Judge William Young of the District of Massachusetts chose a novel approach to preliminary jury instructions: He gave the jury lengthy preliminary jury instructions, including extended readings from the Actavis decision, and then told the jury the four sequential questions it will be asked to answer concerning the alleged conspiracy between Nexium manufacturer AstraZeneca and generic rival Teva to delay the launch of generic Nexium until May 2014:

1.  Did the settlement of the AstraZeneca-Teva patent litigations result in a large and unjustified payment by Nexium manufacturer AstraZeneca to generic rival Teva?

2.  Did AstraZeneca exercise market power in the relevant antitrust market?

3.  Was the AstraZeneca-Teva Nexium settlement unreasonably anticompetitive?

4.  If not for the AstraZeneca-Teva Nexium settlement, would Teva have launched a generic version of Nexium prior to May 2014?

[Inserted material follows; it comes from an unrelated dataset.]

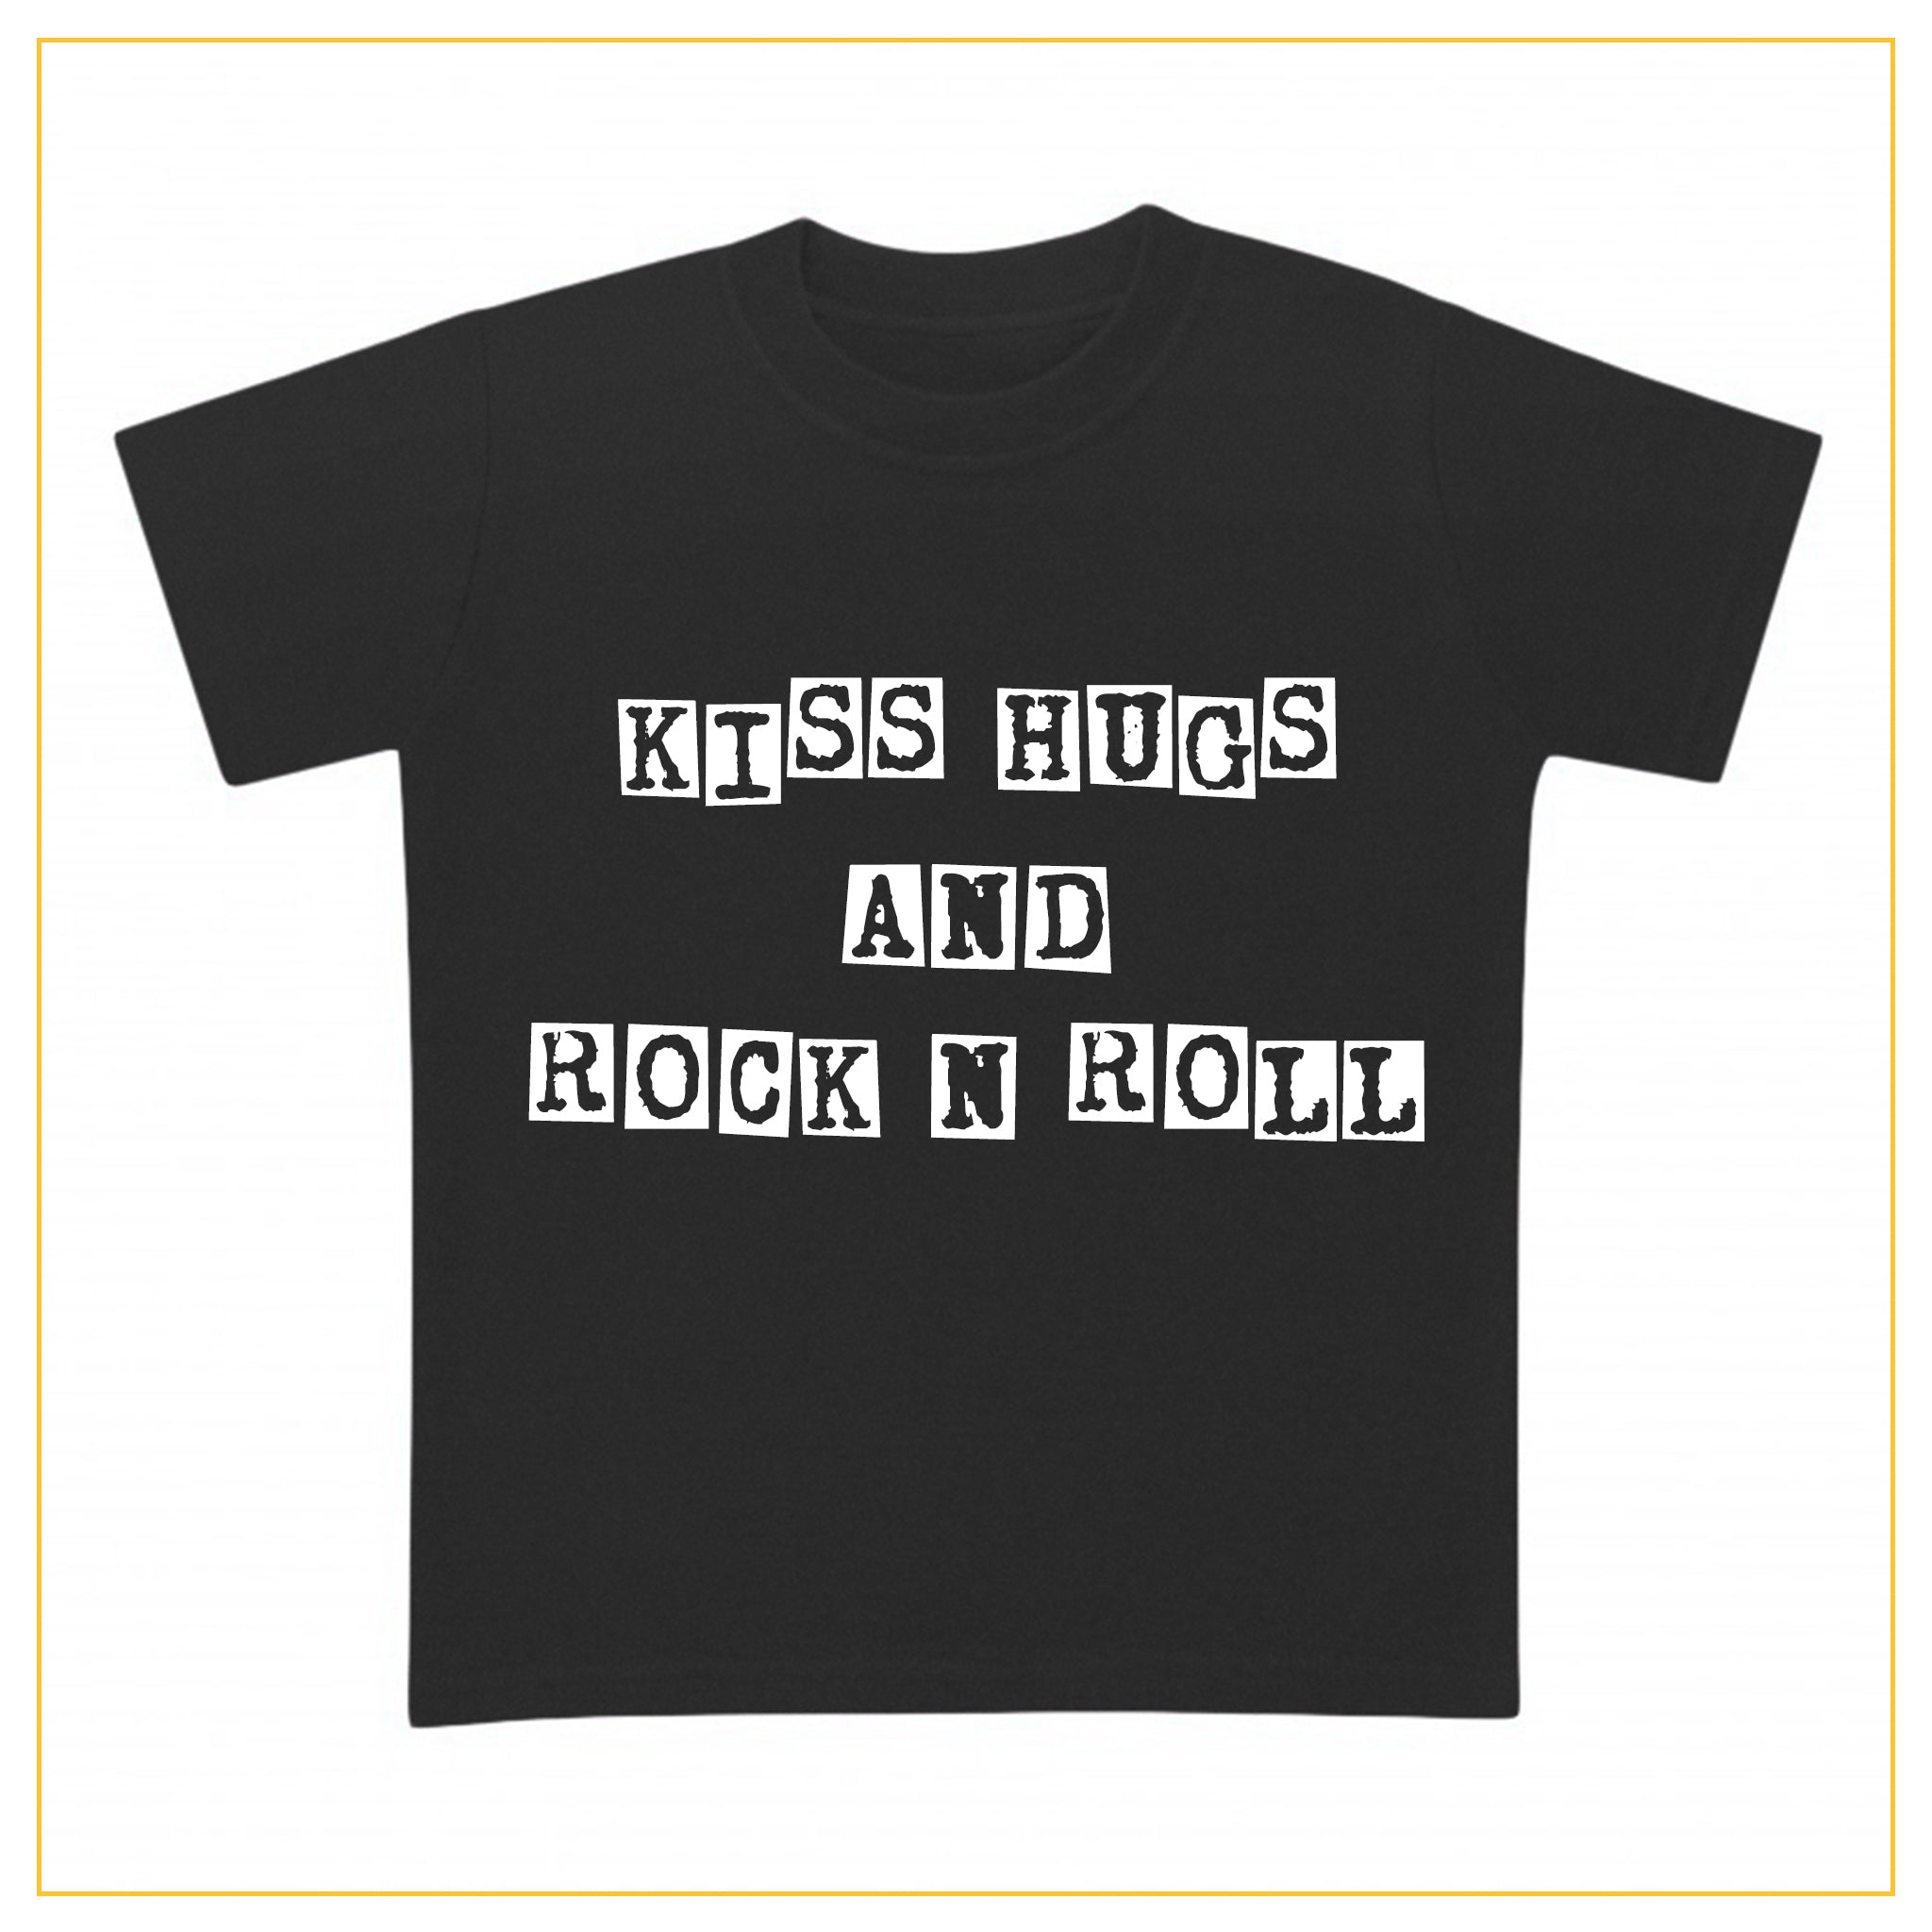 kiss hugs and rock n roll kids t-shirt in black

Why did the court start with the novel and challenging post-Actavis question of a large unjustified payment, putting it before the more familiar relevant market/market power question?

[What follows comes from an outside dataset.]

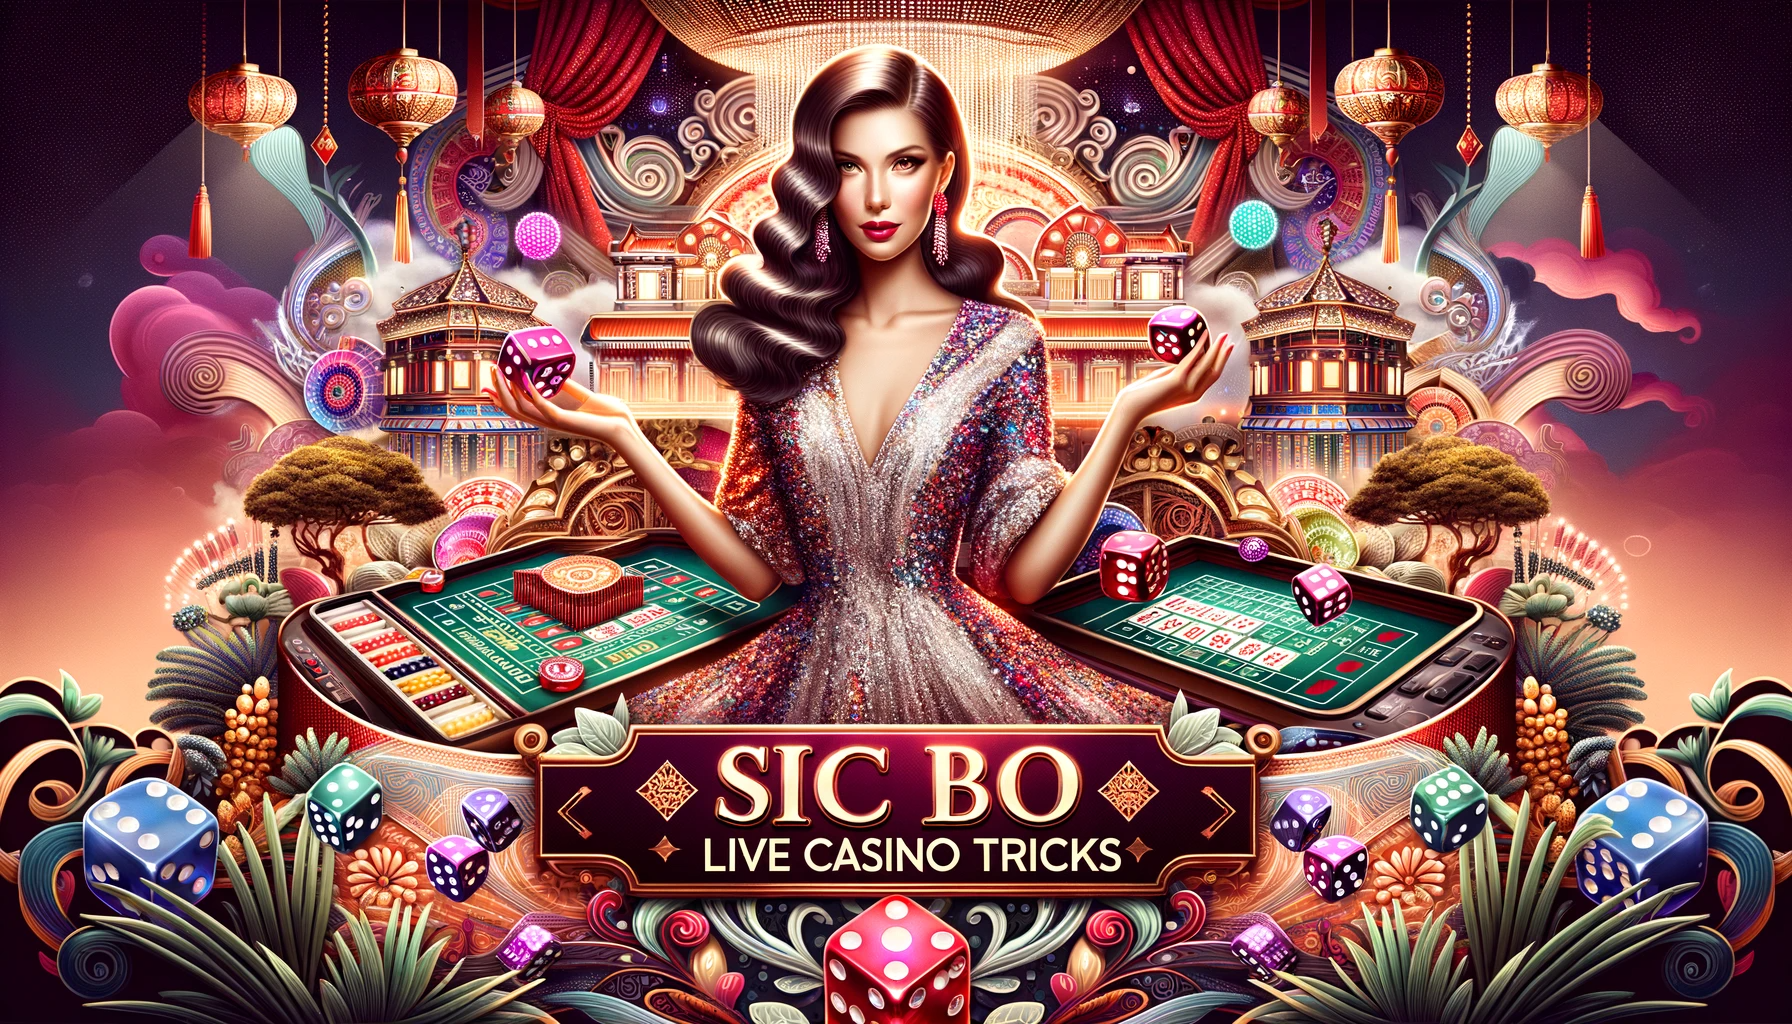 Sic Bo live casino tricks

As part of pretrial proceedings, defendants requested a special verdict form with a long list of questions. For its preliminary jury instructions, the court proposed to the parties instructions that follow the general order of defendants’ proposed verdict form.

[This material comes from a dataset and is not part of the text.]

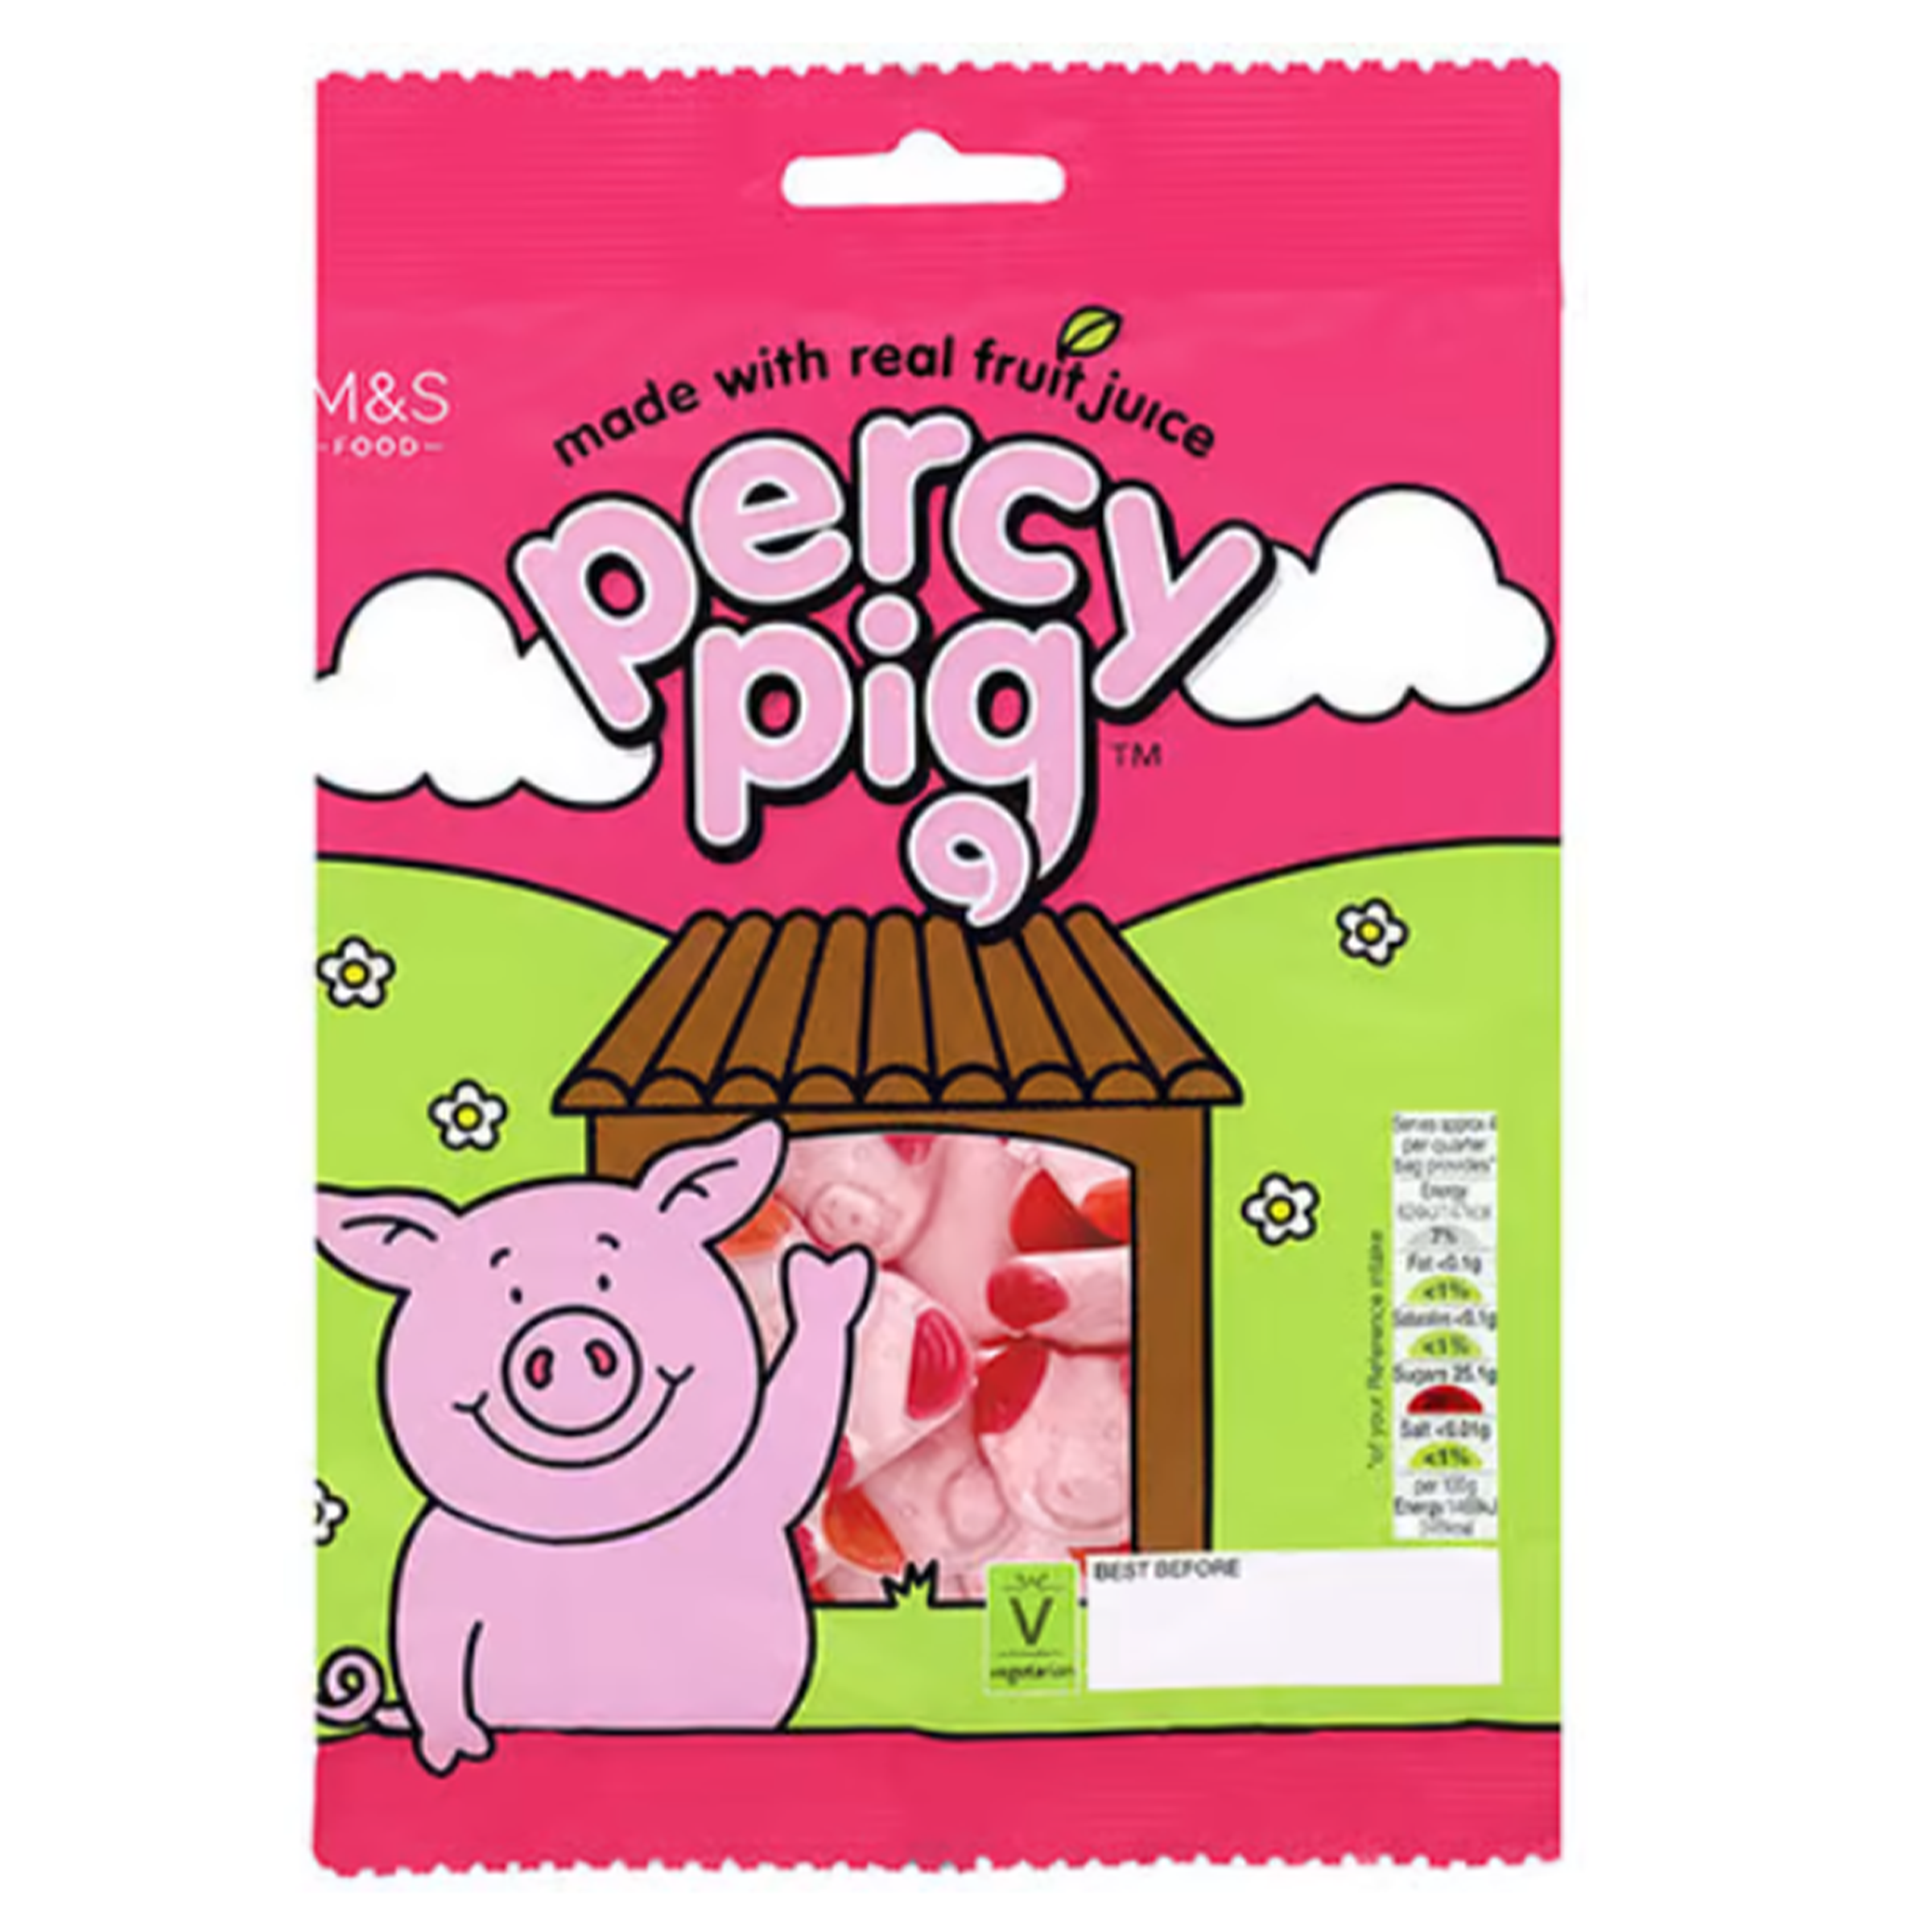 Percy Pig - UK

Defendants presumably wanted the jury’s focus on whether a large and unjustified payment had taken place because they think they have a strong defense on that point. Indeed, the alleged reverse payment was not a cash transfer from AstraZeneca to Teva. Instead, the supposed payment involved the settlement of a separate patent litigation between AstraZeneca and Teva involving the drug Prilosec. Teva had launched a generic equivalent of Prilosec “at-risk,” and AstraZeneca sued for infringement. In the wake of a Federal Circuit decision finding that AstraZeneca’s patent was valid, Teva paid $9 million to settle AstraZeneca’s infringement claims. But the Nexium plaintiffs contend that the “fair” value of the settlement would have been far greater if not for the “delayed entry” agreement for Teva’s generic Nexium.

The Nexium plaintiffs did not oppose the court’s proposed sequence of questions to the jury. The strategy is intriguing because the market power/relevant market question is more familiar territory for plaintiffs in pharmaceutical cases, and an affirmative answer to the question might have given plaintiffs momentum in jury deliberations. But instead of arguing that the market power/relevant question should come first, plaintiffs objected to the question being asked at all. Plaintiffs argued that “there is no need to prove a relevant market where, as here, Plaintiffs intend to prove AstraZeneca’s market power over Nexium directly.” And plaintiffs argued that the jury’s evaluation of market power could be included in its deliberation on whether the settlement was unreasonably anticompetitive.

According to plaintiffs, its “direct evidence” consists of (1) AstraZeneca analysis that “only the launch of generic Nexium was expected to cause substantial drops in sales and prices for” Nexium; (2) that AstraZeneca dropped plans to launch an authorized generic after executing the supposed “reverse payment agreements at issue, thereby reducing output”; and (3) that “AstraZeneca enjoyed consistently high profit margins on Nexium.” These are types of direct evidence sometimes proffered by plaintiffs in pharmaceutical litigations.

Defendants responded that the jury should be asked to consider market power in the context of a relevant market because “without reference to a relevant antitrust market, there is no content to the term ‘market’ in ‘market power.’”

Judge Young has come down on the side of requiring the jury to determine the relevant market when determining the existence of market power for now. In the continuing discussion of the use of direct evidence to prove market power, it will be interesting to see how the final jury instructions allow the jury to consider plaintiffs’ direct evidence.